Now to the one down side and one small downside to the Sisters Dub Dub .... I have found it is not a tough tubing and can give up the ghost faster than the Chinese tubes or the Kent I use. I have to check for wear areas or cuts more than my other tubes, probably because it has thinner walls, and the very springy formulation of the elastic is not wear resistant as other tubing IMHO. I used rubber to tie the pouch and fork attachments sometimes and it really is a better way to go when using Dub Dub, it is softer on the Dub tubes and they do wear longer. The other bit of a down side it is a bit noisier than other tubes, No where near as ear defining as the thin walled 5/16"od I first tested, but it does have some noise.

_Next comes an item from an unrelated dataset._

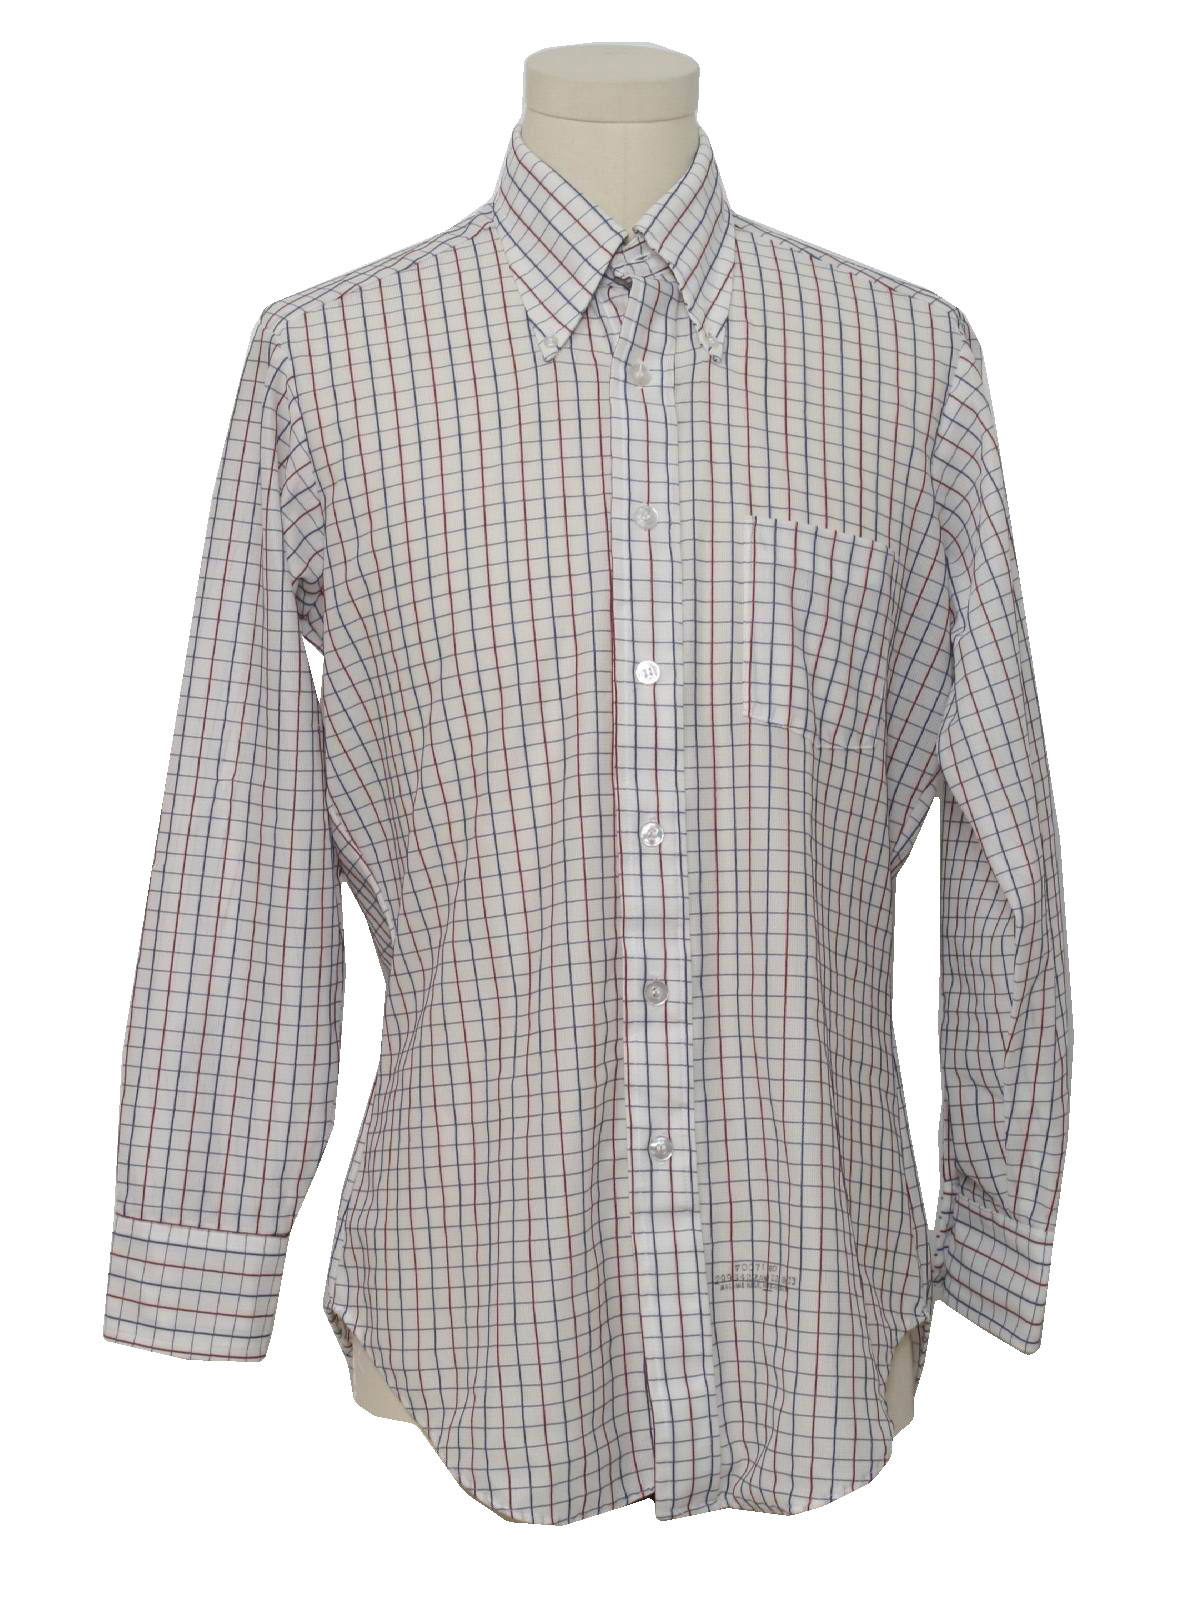 Retro 70s Shirt (Sears) : 70s -Sears- Mens white background, navy blue ...

So, do I like the Dub Dub Sisters .... ???
Yes, I sure do, and I should be using it more. I very well may be putting the Orange tubing on more of my Chinese slings and maybe some of my F-16's 

Till later,

wll


----------



## wll (Oct 4, 2014)

I set this non scientific test up with the same style slings and same draw length to keep things as fair as possible.

*Let the good times roll !!*

Well the Orange Dub blazes that 3/8" ammo for sure, it really moves 'um out. The #404 Kent that I tested yesterday on the other hand is no slouch and is very nice to shoot and it does shoot 3/8" steel very fast.

And how do the both compare to the SimpleShot Flats ? Well, the Orange Dub Dub is faster - it is close with the flats but the Dub Dub wins. The #404 Kent follows, a bit slower then both but very good stuff IMHO ----

The #503 Kent I just got is the big brother of my #303 which I shoot looped and have great success with it, which is 3/32id x 3/64w x 3/16od. The #503 is 5/32id x 3/64w x1/4od.

Upon opening up the box of amber #503 I noticed it was not to difficult to pull back but still was pretty springy. I thought it would be interesting to see how it compared the Orange Dub Dub.
The single Kent #503 I thought would be a good single tube , well it is just fair, and I mean fair for its size and wall thickness. It's OK to play around with but that is about it .. I have not tried it looped yet.. This tubing is on the slow side with 3/8" steel and OK with 5/16" steel, not a barn burner by any stretch of the imagination but OK. There is no reason what so ever to compare this to Orange Dub Dub .. it would be like comparing a Ferrari to a VW Bug !!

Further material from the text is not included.